= GAFIA =

GAFIA (along with derived forms such as gafiate and gafiation) is a term used by science fiction fans. It began as an acronym for "Getting Away From It All", and referred initially to escaping from mundane activities via fanac (fan activity).

However, its meaning was soon reversed, and thereafter it referred to getting away from fandom and fannish doings. This can be either a temporary or a long-term separation. The 1959 Fancyclopedia says:

This useful phrase was originally an escapist slogan, meaning the intent to withdraw from the Macrocosm to indulge in some intense fanac, but has undergone a complete reversal of significance so that now "that flash of sanity known as Gafia" refers to a vacation from fandom back in the world of normalcy, where nobody reads that crazy Buck Rogers stuff. Diagnostic symptoms are sheer boredom while trying to read proz or fanzines, allowing correspondence to pile up unanswered, and wishing that half-finished fanzines could be forgotten for a while.

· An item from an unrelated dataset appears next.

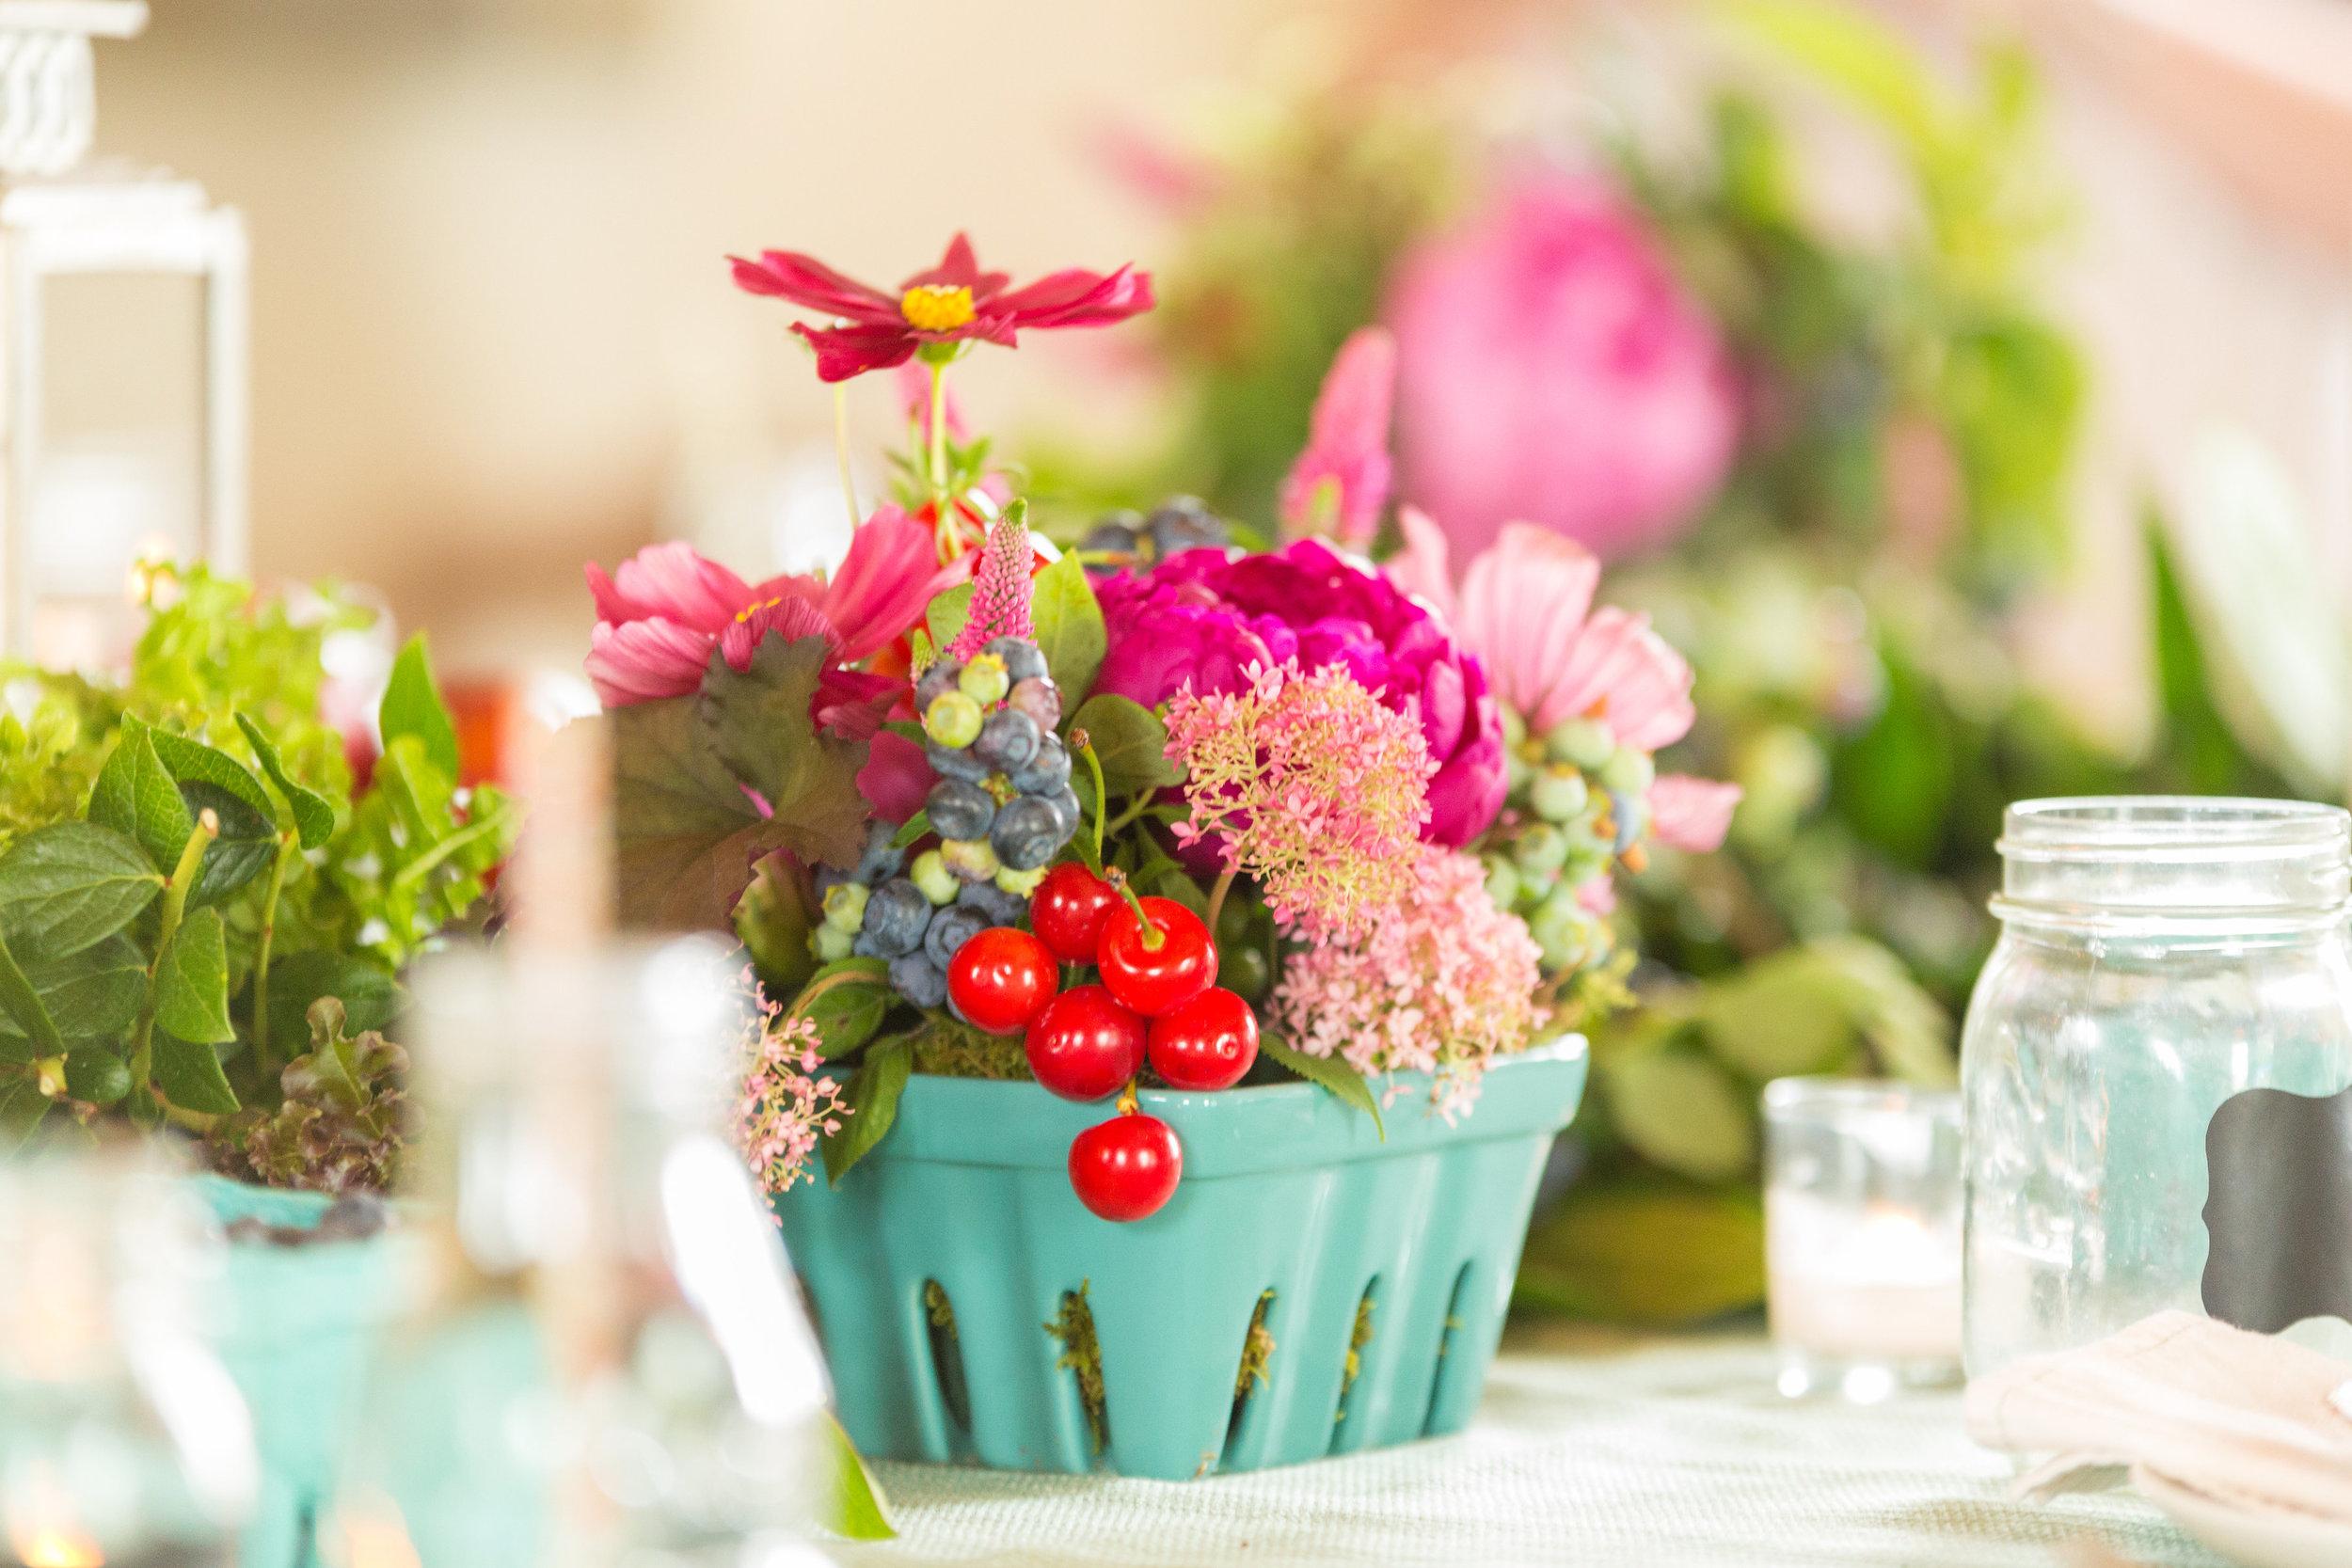 Danielle-Jeff-Farm-to-table-wedding-photography-love-story-studios-0017.jpg

A term closely related is "Fafia" or "Fafiation", from the acronym for "Forced away from it all." To fafiate is to decrease doing fannish activities, not because one prefers to do so, but rather because one is obliged to do so, usually due to lack of time. "Dafia", or "Drifting away from it all", has been proposed as an intermediate term, but is not in general fannish use.

There are many fanzines using the term as a title: Ted White, Redd Boggs and Carl Brandon published science fiction fanzines titled Gafia, Gafia Advertiser and Gafiac. respectively, and there are many more.

The term is among the fannish expressions used most extensively in the book Fallen Angels, by Larry Niven, Jerry Pournelle and Michael Flynn, whose major protagonists are mostly fans (active, covert, gafiated or fafiated).